When our Dev/Test (non-prod) AKS clusters are not in use
we like to shut them down but it was verified that
“az vmss deallocate” is causing missing Monitoring compliance alert.
“az aks stop” is causing PLE AKS removing in Regional Bastion and the cluster state of a stopped AKS cluster is preserved for up to 12 months, if a cluster is stopped for more than 12 months, the cluster state cannot be recovered (see https://docs.microsoft.com/en-us/azure/aks/start-stop-cluster)
So the best way to reduce costs associated with an AKS cluster (when it isn't being used) looks like the node count manual scale.
For each our NPRD AKS Cluster has been defined just a system node pool (e.g. agentpool), it means that "Every AKS cluster must contain at least one system node pool with at least one node." (according to that in https://docs.microsoft.com/en-us/azure/aks/use-system-pools).
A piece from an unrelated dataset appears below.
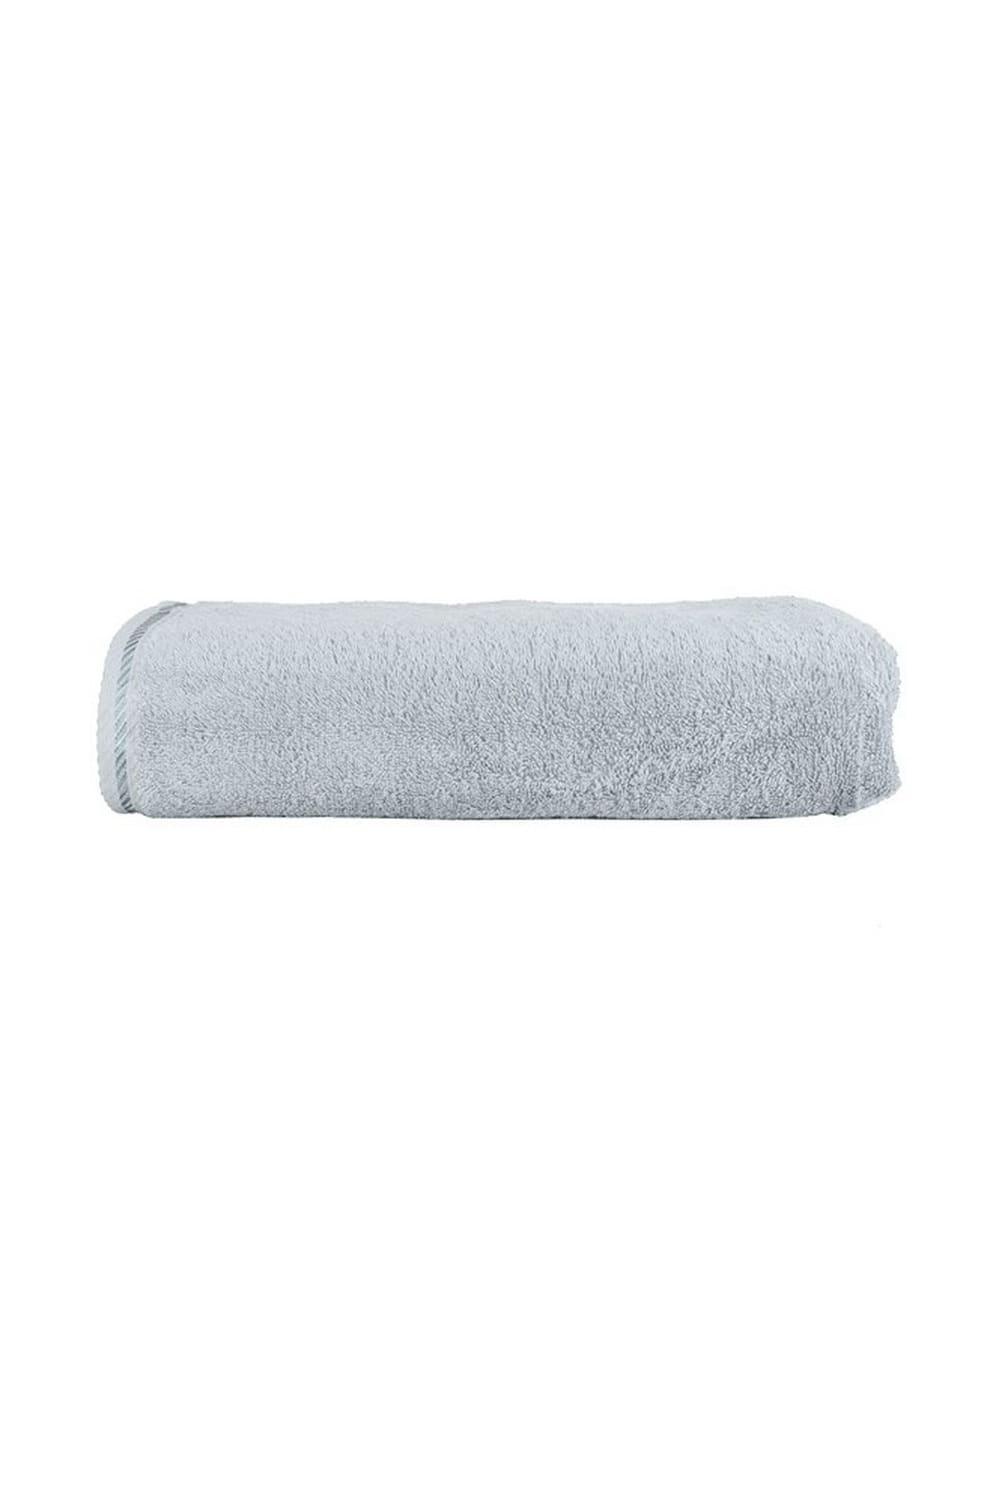 A&R Towels Ultra Soft Big Towel (Light Grey) (One Size)
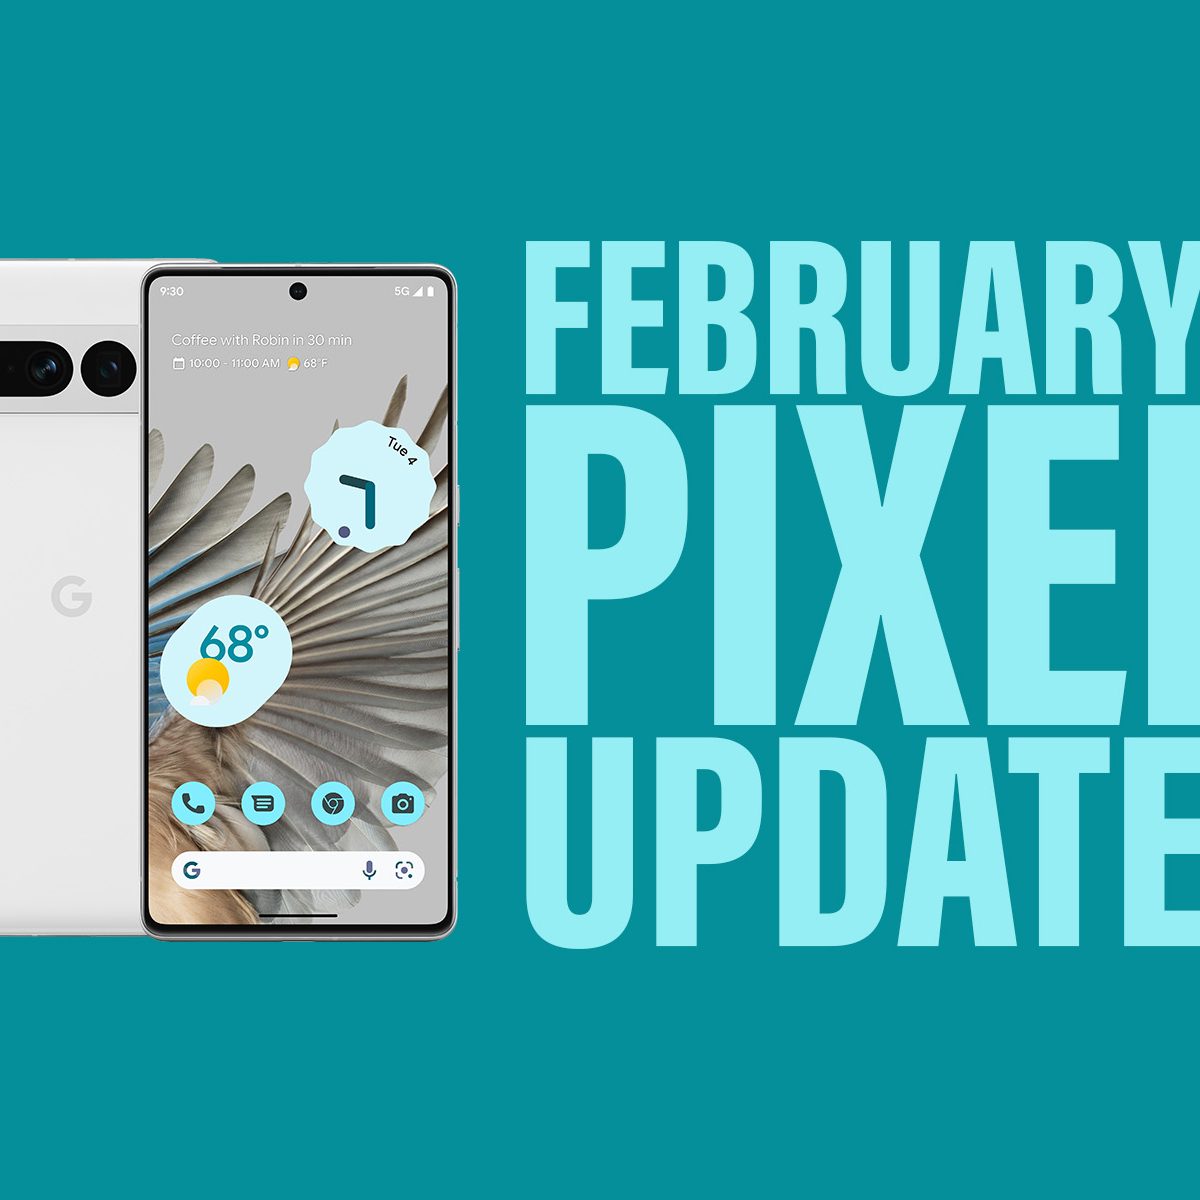 Pixel Piece Codes [Update 1] (February 2023)

So we can't scale the system node pool to 0, this looks like allowed just if a user node pool is defined along with a system node pool as the user node pool can be scaled to 0, but the system node pool can't, to verify possible side-effects.
Please, could you confirm that reported above in terms of expected behavior ?
Are there any further chances to hang our AKS clusters in a sort of Stand-by state to save costs when not in use without risks ?
Any hints will be appreciated.
Thanks !